Under 3i’s ownership, nexeye expanded into new markets, most notably with the acquisition of eyes + more in 2019, to enhance accessibility and affordability of essential eye and hearing care. Going forward, nexeye will be uniquely positioned to play a key role in addressing long-term trends driving increasing incidence of vision correction concerns, capitalizing on KKR’s extensive sector experience, global platform and successful track record in the industry.

Bart van den Nieuwenhof, CEO of nexeye, said: “I would like to thank 3i for a true partnership under which we successfully created a leading omnichannel optical platform. We strengthened and developed our organization, modernized and opened stores and realized a step change in omnichannel and digital innovation. Now, we are thrilled to continue this growth path together with KKR. We share a vision to establish nexeye as the leader in the European value-for-money optical sector, with a focus on customer service, product quality and innovation. I look forward to our partnership.”

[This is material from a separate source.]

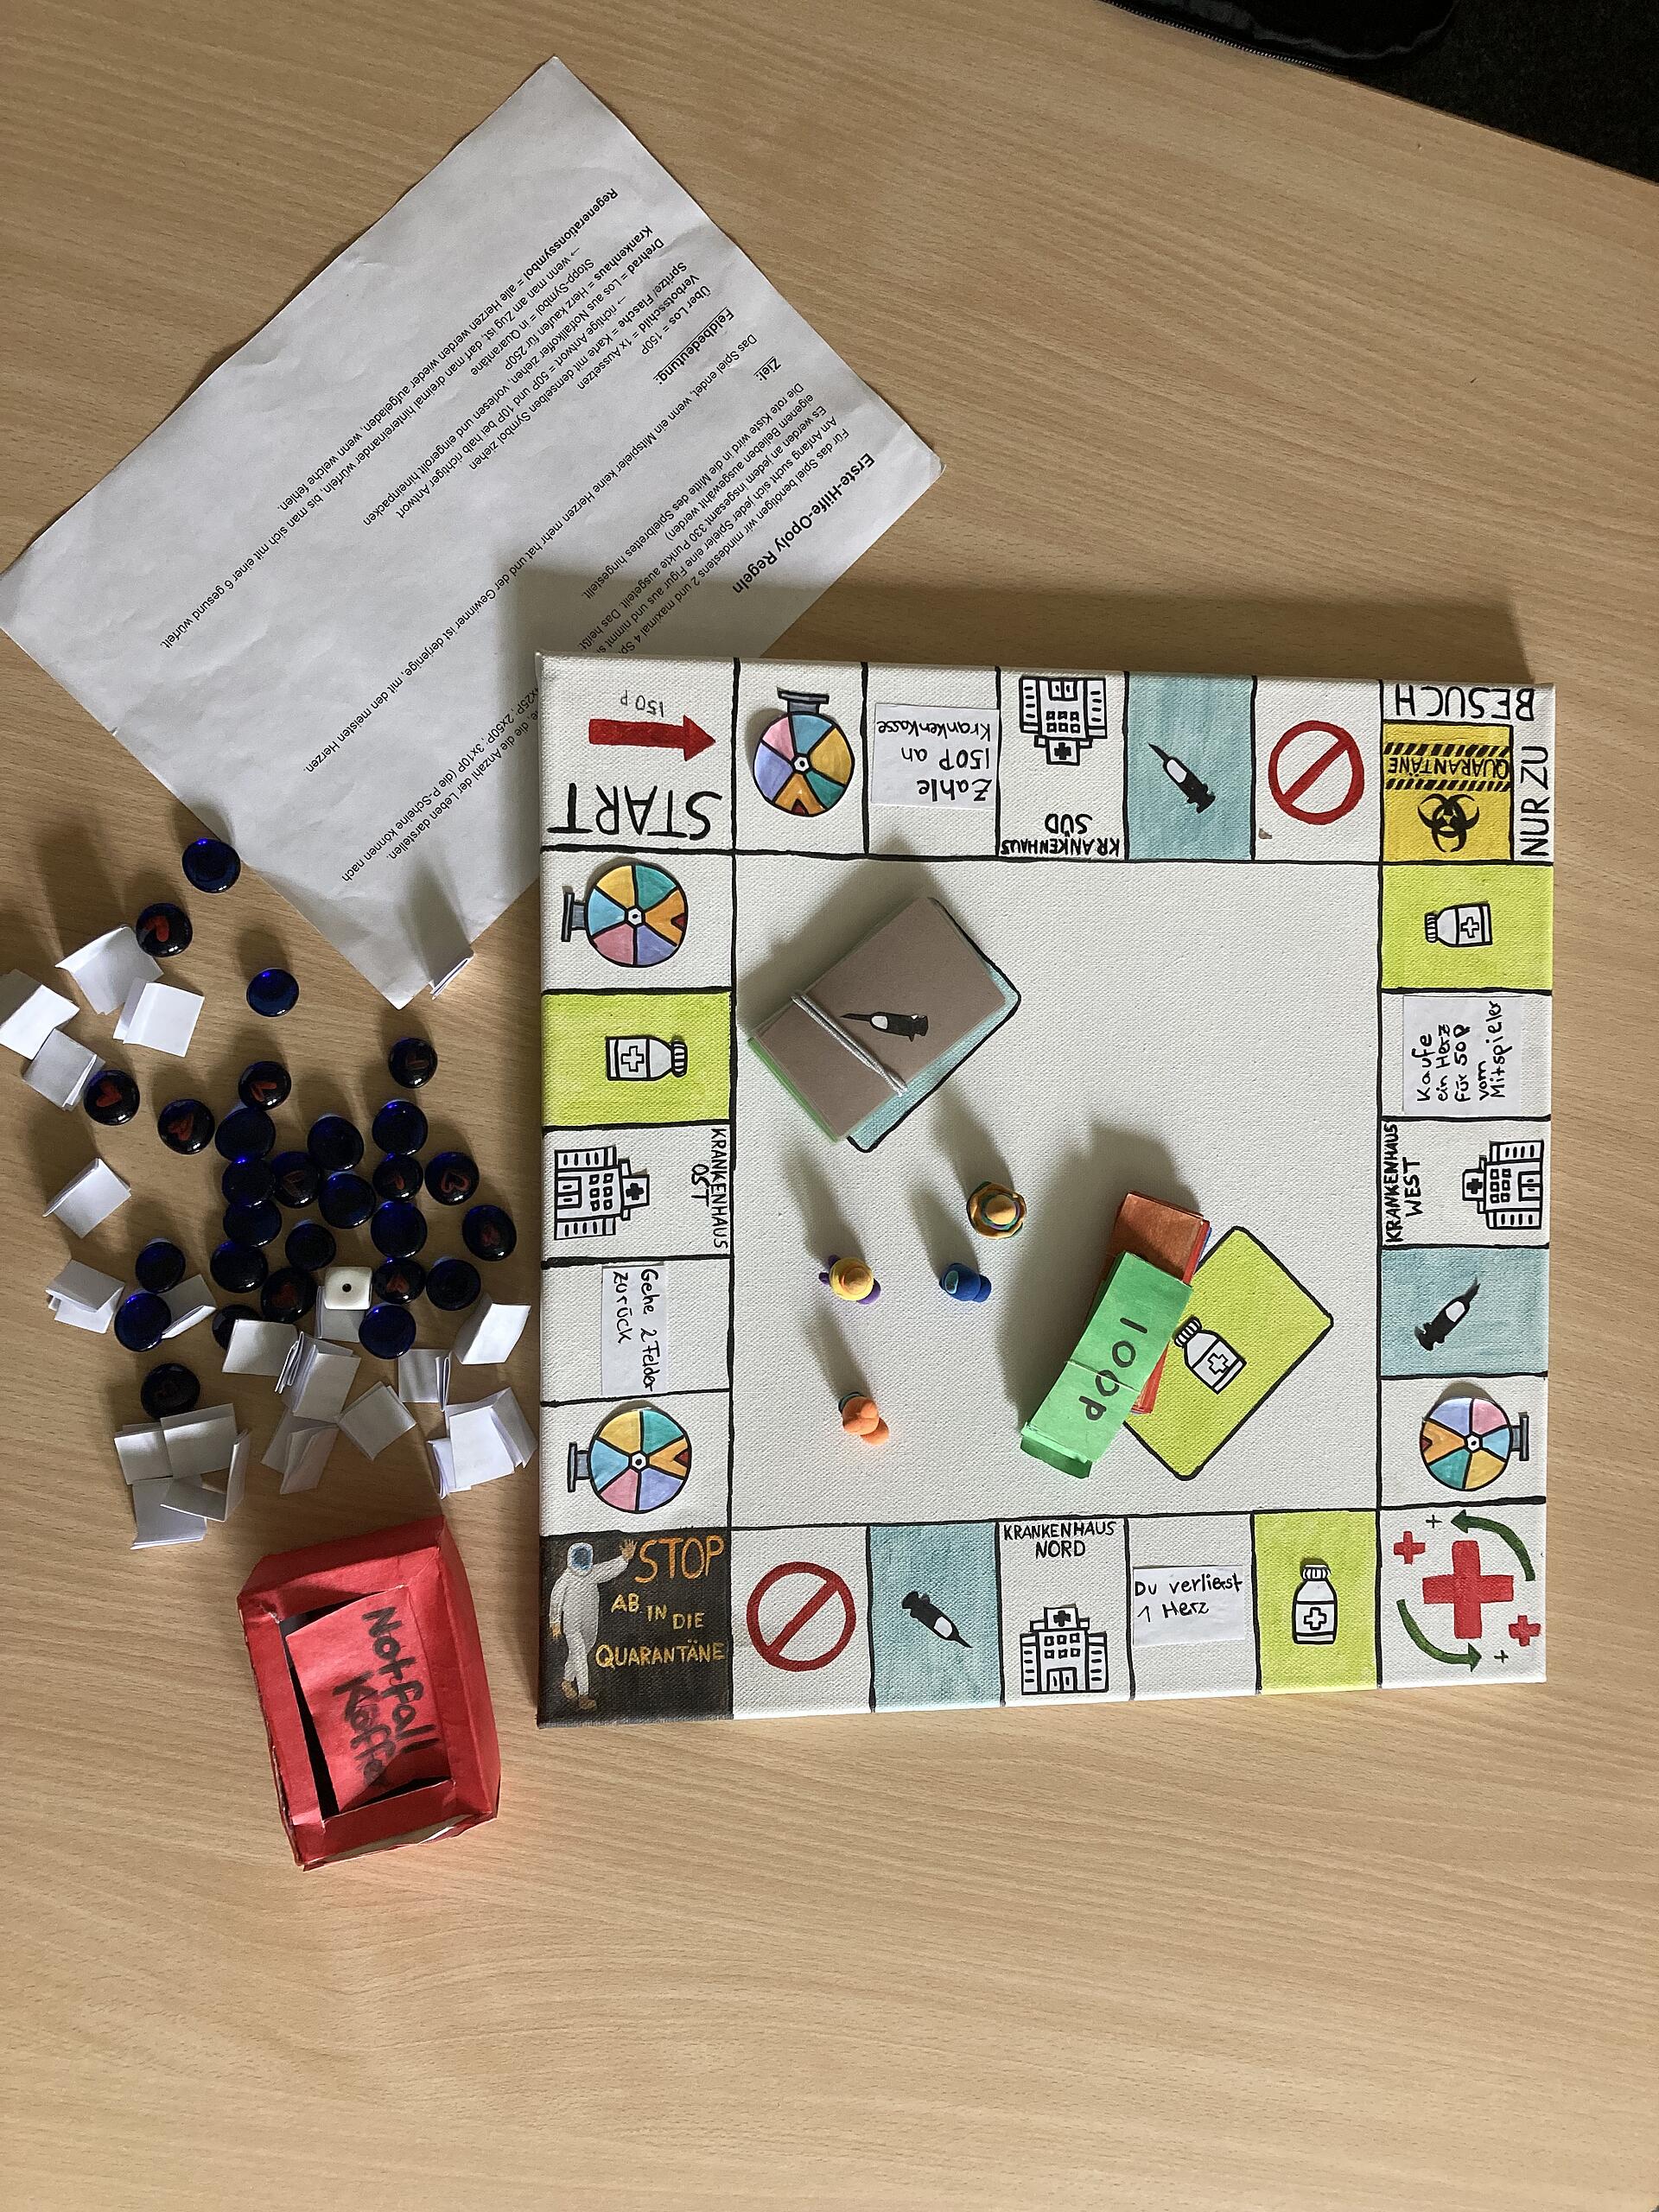 Ein selbstgebasteltes Monopoly-Spielbrett mit Spielfiguren, Aktionskarten einem Erste-Hilfe-Koffer und einer Spielanleitung
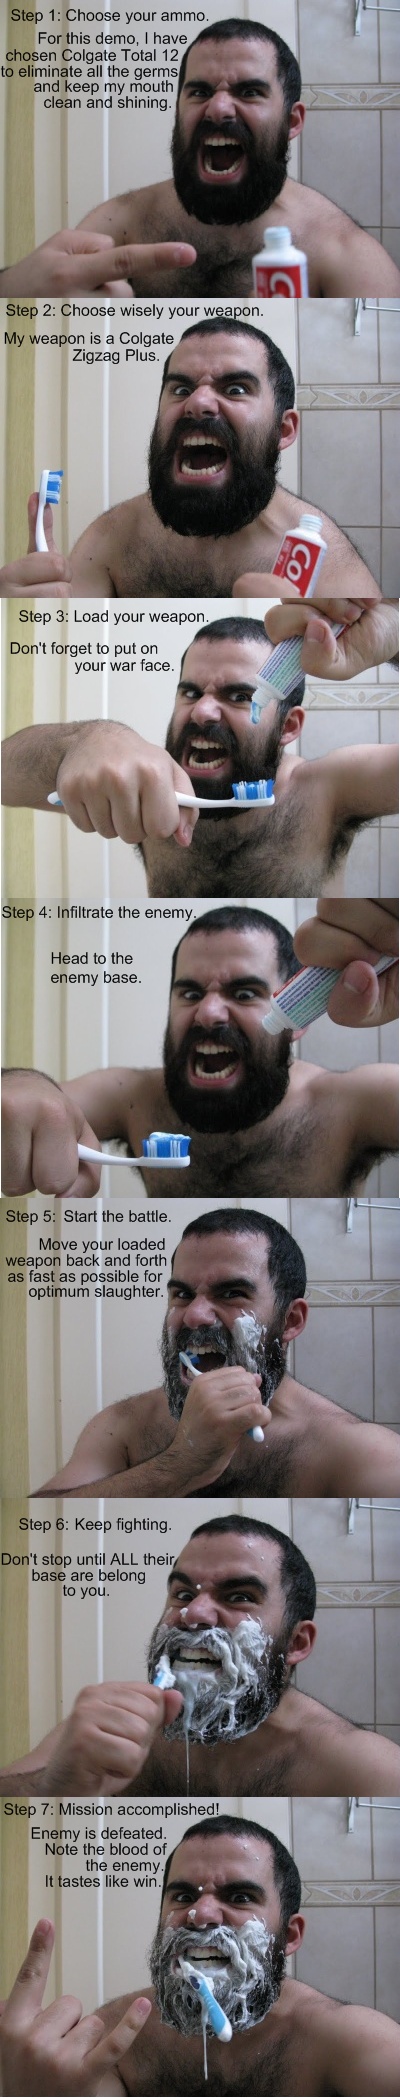 สอนวิธีแปลงฟัน

Boris Kawohl, Partner, Consumer sector head at 3i, said: “We are proud of the transformation from Hans Anders at the time of our investment in 2017 to nexeye now. The best value-for-money offering with good quality products and services has been central to all our efforts. As a result, sales and EBITDA have doubled during 3i’s ownership period. We believe nexeye is now ready for the next international growth phase. We thank Bart and the whole nexeye team and wish them all the best going forward.”

Felix Gernburd, Partner at KKR, said: “We believe nexeye offers a differentiated value proposition for consumers. We are excited to invest in nexeye and to support its management team and employees in their continued ambitions to expand the Company’s footprint and offer the best quality eye and hearing care at affordable prices to consumers.”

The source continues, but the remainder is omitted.